Exhibit 1.1
PRICING AGREEMENT
Xxxxxx Xxxxxxx & Co. Incorporated
Chase Securities Inc.
Salomon Brothers Inc
c/o Morgan Xxxxxxx & Co. Incorporated
0000 Xxxxxxxx
Xxx Xxxx, Xxx Xxxx 00000
May 5, 1998
Dear Sirs:
Xxxxx Xxxxxxxx U.S.A., Inc. (the "Company") proposes, subject to the
terms and conditions stated herein and in the Underwriting Agreement Standard
Provisions filed as an exhibit to the combined registration statement on Form
S-3 of the Company and Xxxxx Xxxxxxxx Corporation ("Parent") (No.
333-48355/48355-01) (the "Underwriting Agreement"), to issue and sell to the
Underwriters named in Schedule I hereto (the "Underwriters") the Securities
specified in Schedule IIA and Schedule IIB hereto (the "Designated Securities").

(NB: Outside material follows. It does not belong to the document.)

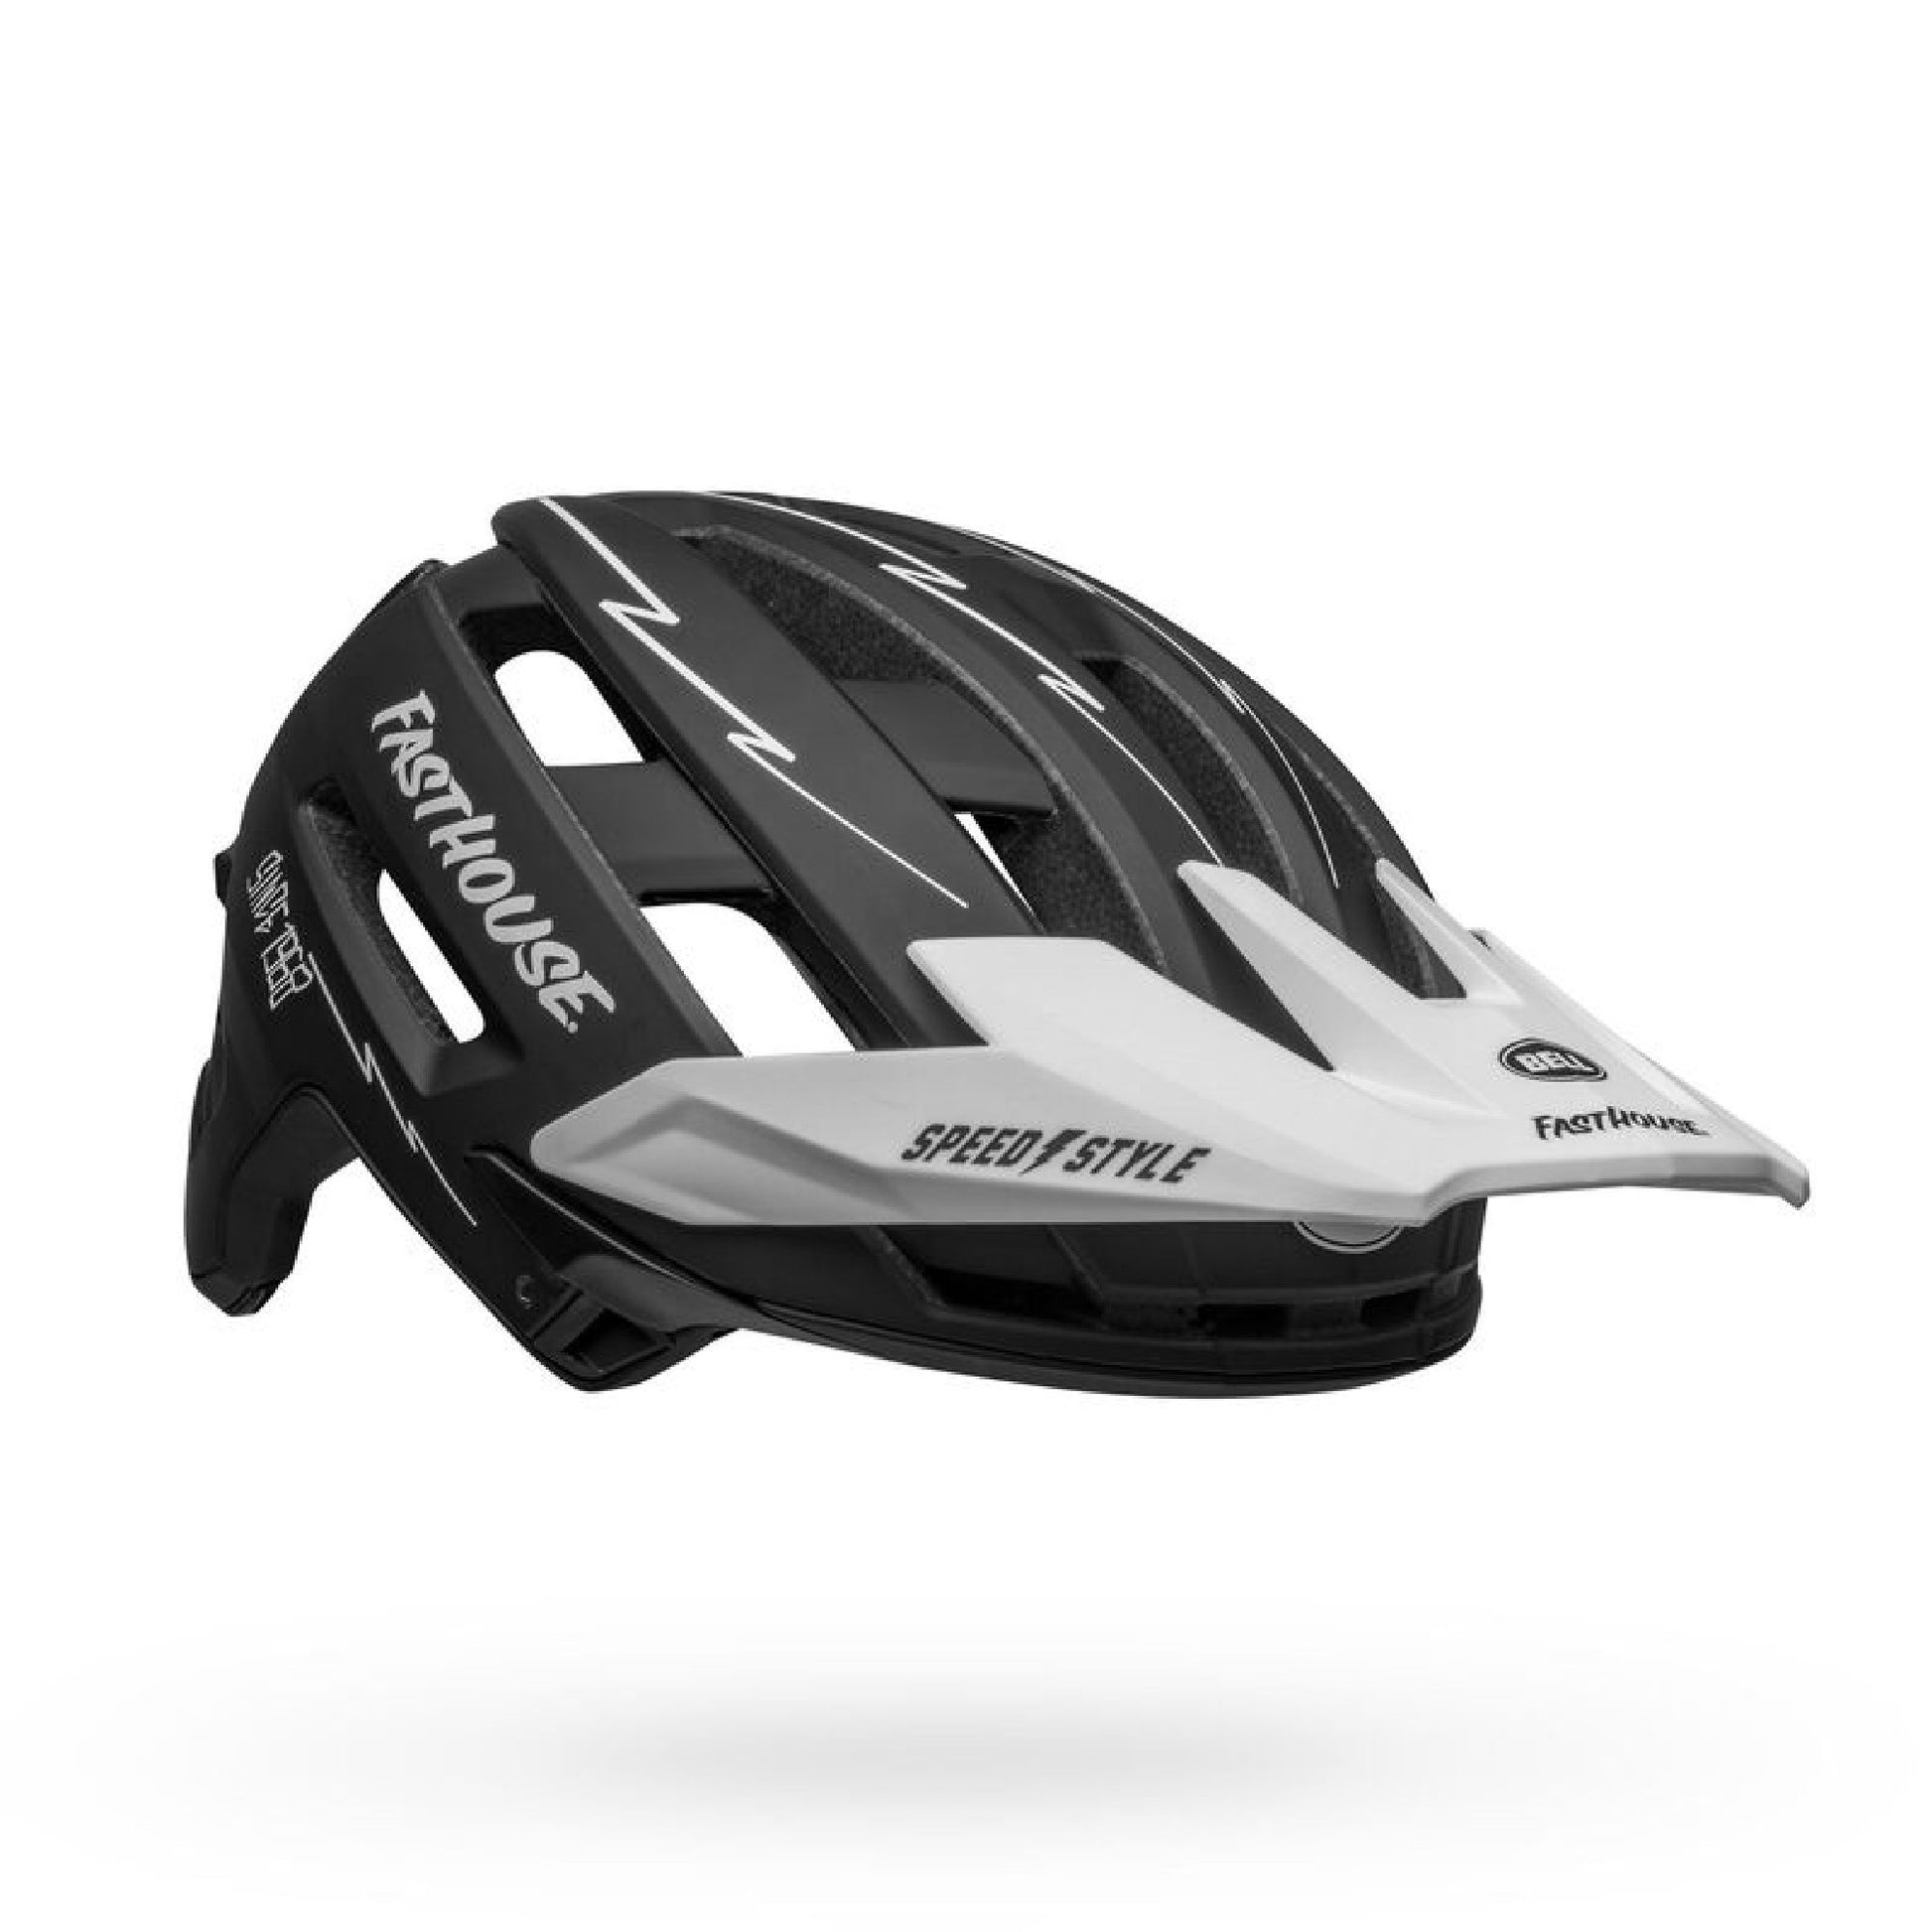 Bell Super Air R MIPS Helmet Fasthouse Matte Black/White Bike Helmets

The Designated Securities shall be guaranteed by Parent pursuant to a Guarantee
attached to the Designated Securities. Each of the provisions of the
Underwriting Agreement is incorporated herein by reference in its entirety, and
shall be deemed to be a part of this Agreement to the same extent as if such
provisions had been set forth in full herein; and each of the representations
and warranties set forth therein shall be deemed to have been made at and as of
the date of this Pricing Agreement, except that each representation and warranty
with respect to the Prospectus in Paragraph 2 of the Underwriting Agreement
shall be deemed to be a representation or warranty as of the date of the
Underwriting Agreement in relation to the Prospectus (as therein defined), and
also a representation and warranty as of the date of this Pricing Agreement in
relation to the Prospectus as amended or supplemented relating to the Designated
Securities which are the subject of this Pricing Agreement. Each reference to
the Underwriters herein and in the provisions of the Underwriting Agreement so
incorporated by reference shall be deemed to refer to you. Unless otherwise
defined herein, terms defined in the Underwriting Agreement are used herein as
therein defined. The address of the Underwriters referred to in such Paragraph
12 is set forth at the end of Schedule II hereto.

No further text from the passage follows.